-------- EXCERPTED DATA --------
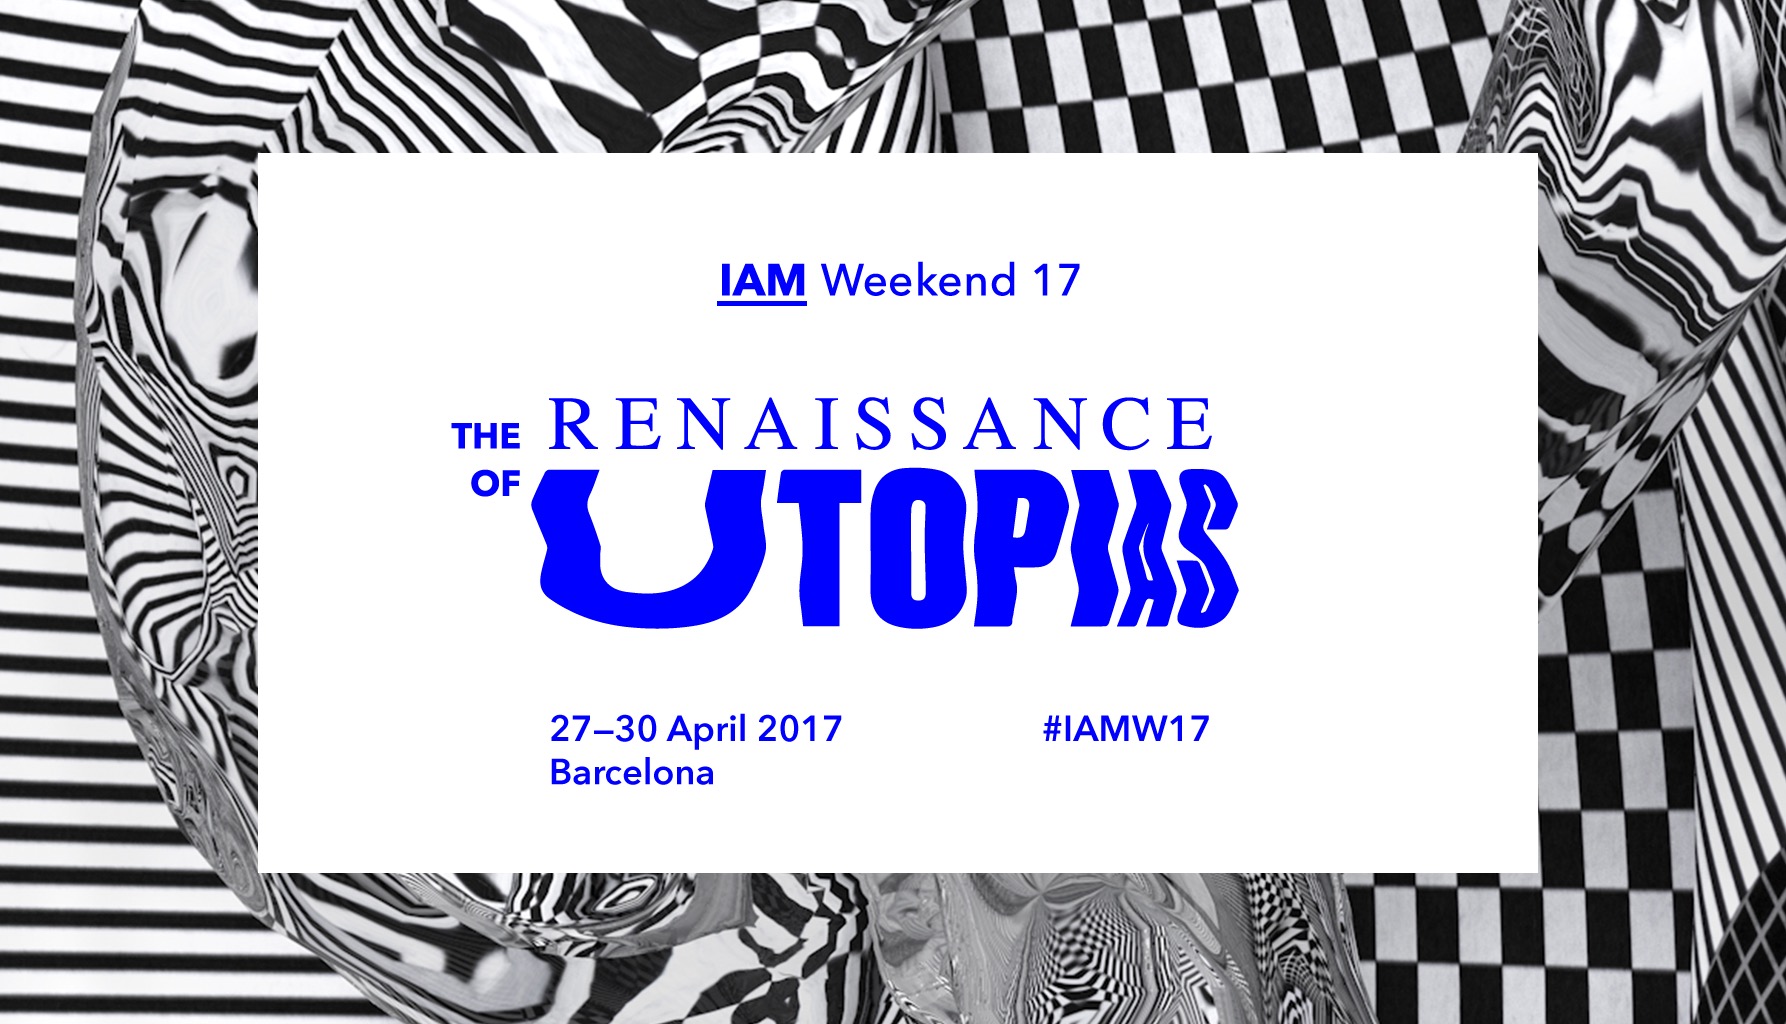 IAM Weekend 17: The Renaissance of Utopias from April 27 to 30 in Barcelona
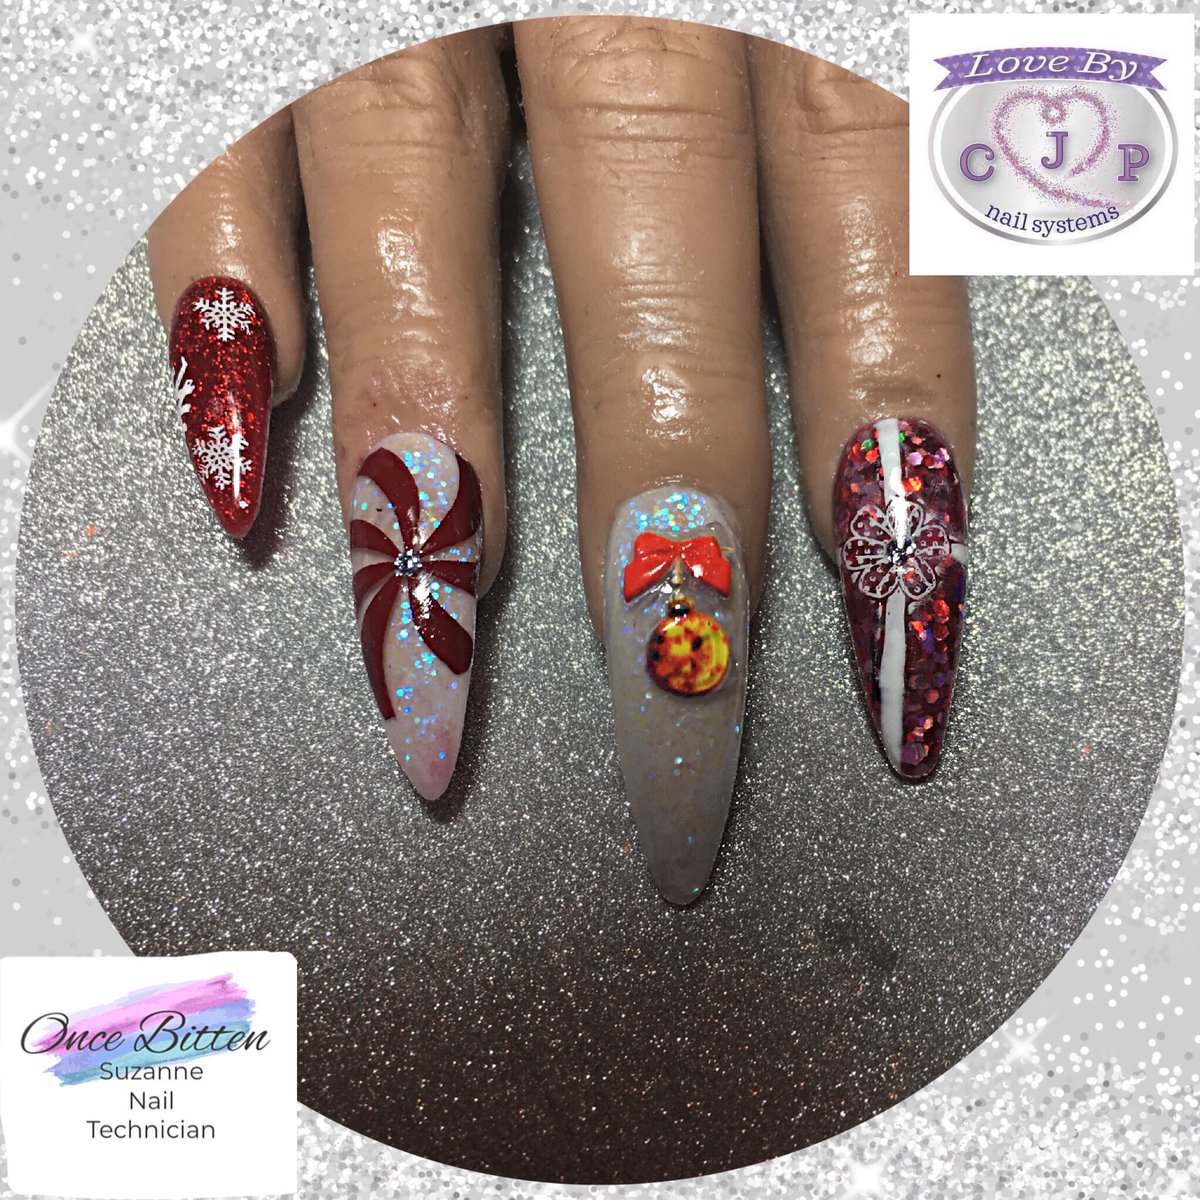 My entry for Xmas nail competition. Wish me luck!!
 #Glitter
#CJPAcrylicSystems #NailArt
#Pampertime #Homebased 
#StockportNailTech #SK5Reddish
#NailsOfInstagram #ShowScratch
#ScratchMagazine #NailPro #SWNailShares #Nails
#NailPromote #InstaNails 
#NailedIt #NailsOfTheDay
--------
EXERCISE BRIEF
Restate the material above exactly. Exclude all pictures.

PROBLEM SOLUTION
 IAM Weekend 17: The Renaissance of Utopias from April 27 to 30 in Barcelona
 My entry for Xmas nail competition. Wish me luck!!
 #Glitter
#CJPAcrylicSystems #NailArt
#Pampertime #Homebased 
#StockportNailTech #SK5Reddish
#NailsOfInstagram #ShowScratch
#ScratchMagazine #NailPro #SWNailShares #Nails
#NailPromote #InstaNails 
#NailedIt #NailsOfTheDay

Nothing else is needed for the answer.